The existing synthesis process mainly comprises the following steps:
(1) Pyrrolidone process
Taking sodium hydride as an acid-binding agent, and reacting pyrrolidone and chloroacetamide in 1, 4-dioxane to prepare piracetam; the problems with this route are: sodium hydride is dangerous, 1, 4-dioxane has strong harm to the environment, and chloroacetamide raw materials are not easy to obtain.
(2) Glycine process
Glycine is subjected to trimethyl silicification, condensation with r-chlorobutyryl chloride, chlorination, ammoniation and cyclization to convert into piracetam, or glycine derivatives are used as raw materials. The problems with this route are: by using the protection and deprotection strategies, expensive TMSCL is needed, the stability of the corresponding glycine trimethyl silicone grease is poor, the route is long, and the method is not suitable for industrial production.
(3) Succinic anhydride process
Succinic acid is used as a raw material, succinic anhydride is generated by heating and dehydration, the succinic anhydride reacts with glycine to obtain an ammonolysis product, and the ammonolysis product is reduced and ammonolyzed by sodium tetrafluoroborate to prepare piracetam. The main problems with this route are: sodium tetrafluoroborate is used as a reducing agent, so the price is high, and the method is not suitable for industrial production.
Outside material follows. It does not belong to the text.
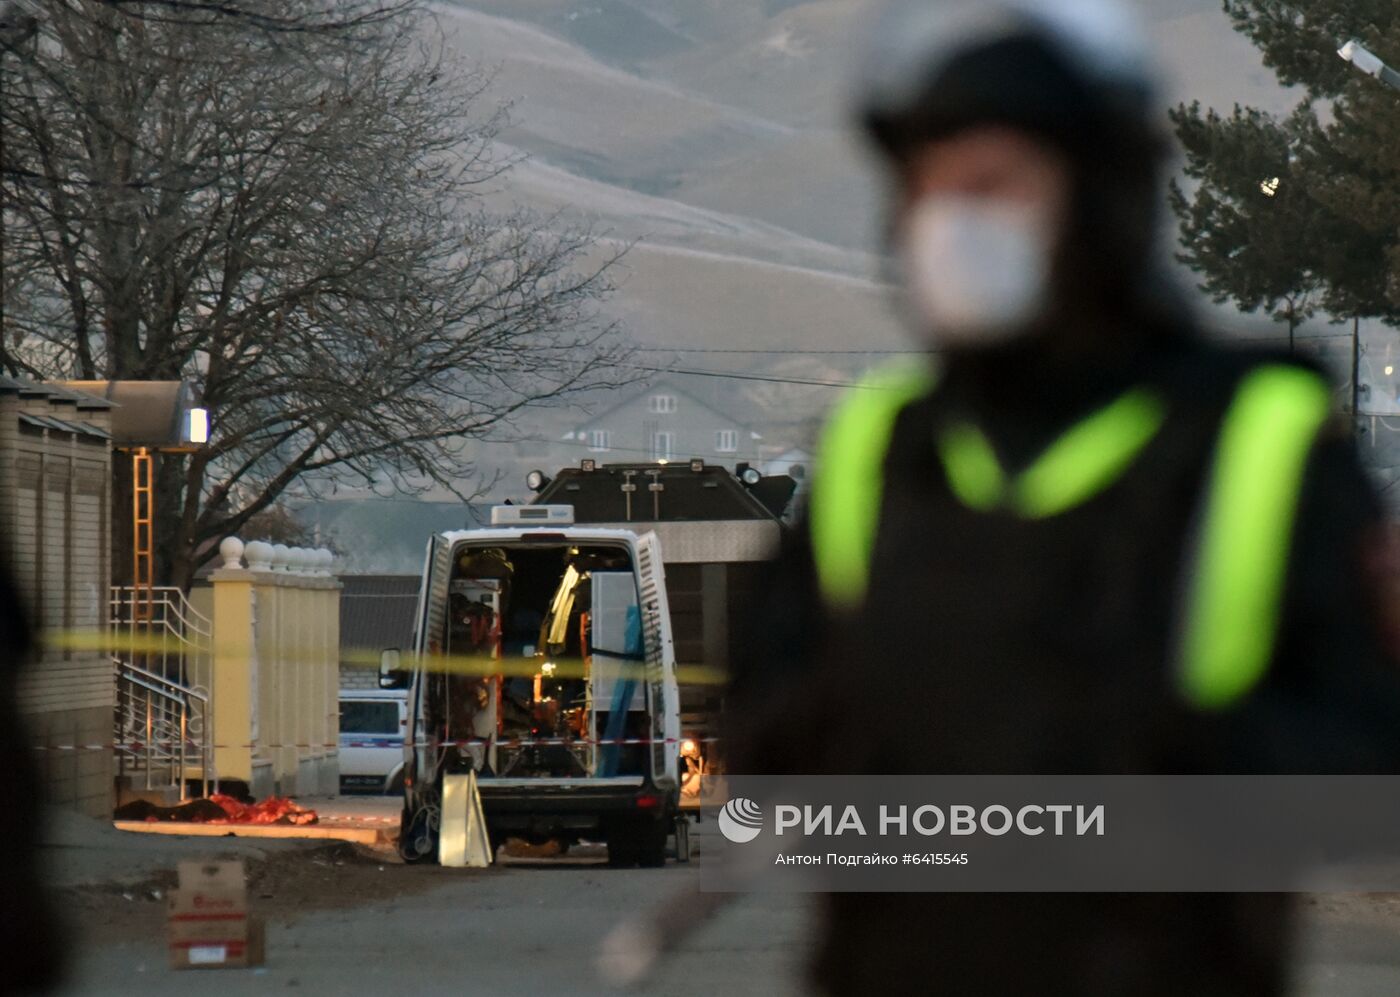  В Карачаево-Черкесии боевик совершил самопродрыв при попытке задержания

(4) One-step synthesis method
The one-step synthesis method is to prepare the piracetam by taking 4-chloro-n-butyl acetate as a raw material, taking absolute ethyl alcohol as a solvent and glycinamide hydrochloride through one-step reaction after heating reflux in the presence of sodium bicarbonate. The problems with this route are: the raw material glycylamine hydrochloride used in the one-step synthesis method is easy to absorb moisture and agglomerate to influence the reaction speed, and the reaction is not easy to control, so that the method is not suitable for industrial production.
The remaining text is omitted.